In Issue 29 of Abyss, Eric Olson recommended the Rolemaster line of products, but cautioned that they might be hard to adapt to an existing campaign since their approach was so different to most game systems. Olson concluded, "It might not be the ideal system for you, but it is an interesting change. ICE is on the rise, and has built a solid base, and I am more and more impressed with them with each new product."

Troy Christensen reviewed Rolemaster for Different Worlds magazine and stated that "I found ICE's game lacking the special magic which distinguishes a good game from the bad. I found it just to be another high-priced game with tiring, overused rules. I cannot recommend this game to any serious role-player, I can suggest that it might be worth your while to purchase 'Spell Law' if you are interested in gaining new spells for your present role-playing game."

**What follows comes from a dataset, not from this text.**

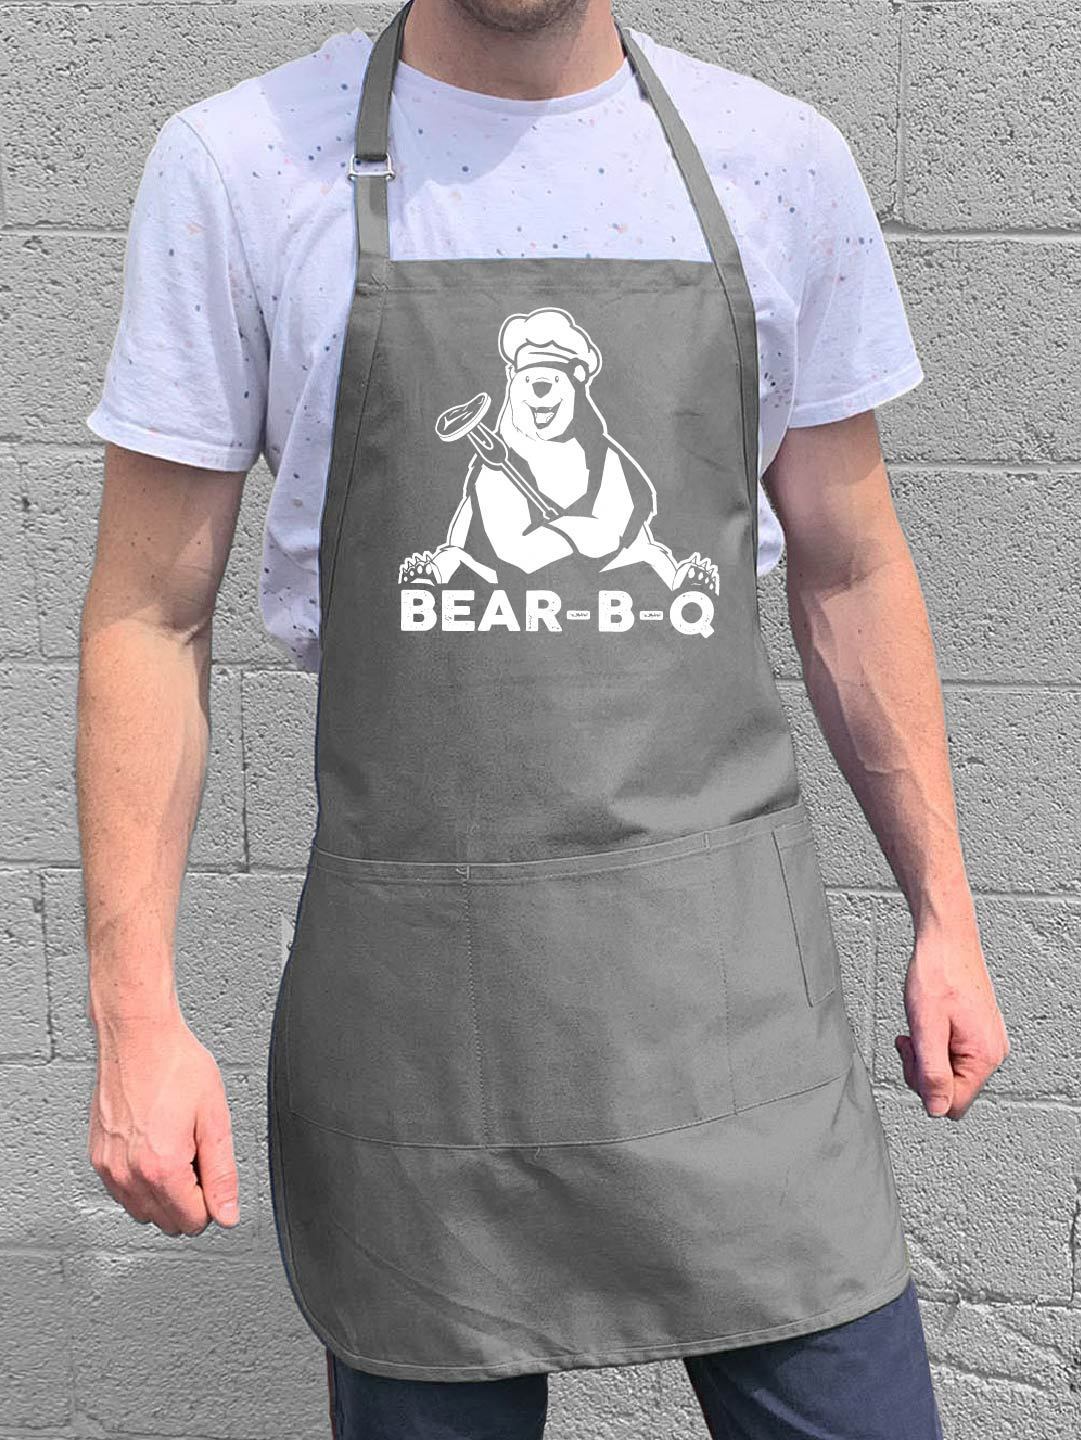 Bear-B-Q - Funny Men's BBQ Apron - 100% Cotton | ApronMen.com

Rick Swan reviewed various editions of the game system:
- In his 1990 book The Complete Guide to Role-Playing Games, Swan thought that the second edition game system "reads more like a collection of supplements than an integrated system ... it's still extraordinarily complicated and by no means for beginners." Swan concluded by giving the game a rating of 2.5 out of 4, saying, "Rolemaster lacks the flavor of classic fantasy RPGs such as Advanced Dungeons & Dragons and RuneQuest, coming off as a dull collection of numbers and tables."
- In the September 1995 edition of Dragon (Issue 221), Swan reviewed the updated 144-page Arms Law book that had been released in conjunction with the revised Rolemaster Standard System edition. Swan still found the complexity of the Rolemaster system astounding, saying, "With its tidal wave of numbers, formulas, and tables, the Rolemaster game always struck me as the kind of fantasy RPG that calculus professors play on their day off." Swan found Arms Law to be "mainly a book of tables — more than 100 pages worth." He gave the book an average rating of 4 out of 6, and recommended it only for the mathematically inclined: "If you read computer manuals for fun, if you get misty-eyed thinking about your high school algebra class, if you wonder why your friends complain about something as trivial as filling out tax forms, then Rolemaster ought to be right up your alley. Arms Law is as good a place as any to begin your investigation."
- In the July 1996 edition of Dragon (Issue 231), Swan reviewed the new supplement Arcane Companion that had been published in conjunction with the revision of the magic system in the Rolemaster Standard System edition. Swan reiterated that the Rolemaster system was a mathematician's delight: "Saturated with charts and numbers, it's for players who buy pocket calculators by the crate... If you're the kind of guy who needs his fingers to do arithmetic, this ain't your kind of game." Despite this, Swan found Arcane Companion to be "not only comprehensible, but entertaining, thanks to the designers' efforts to infuse the facts and figures with vivid imagery." Swan concluded that because this supplement was so solidly linked to the Rolemaster system, it could not be ported to another game system, but "experienced players should welcome this ambitious expansion with open arms. And if you're among those who've dismissed Rolemaster as not worth the effort, sneak a peek at Arcane Companion; it might tempt you to reconsider."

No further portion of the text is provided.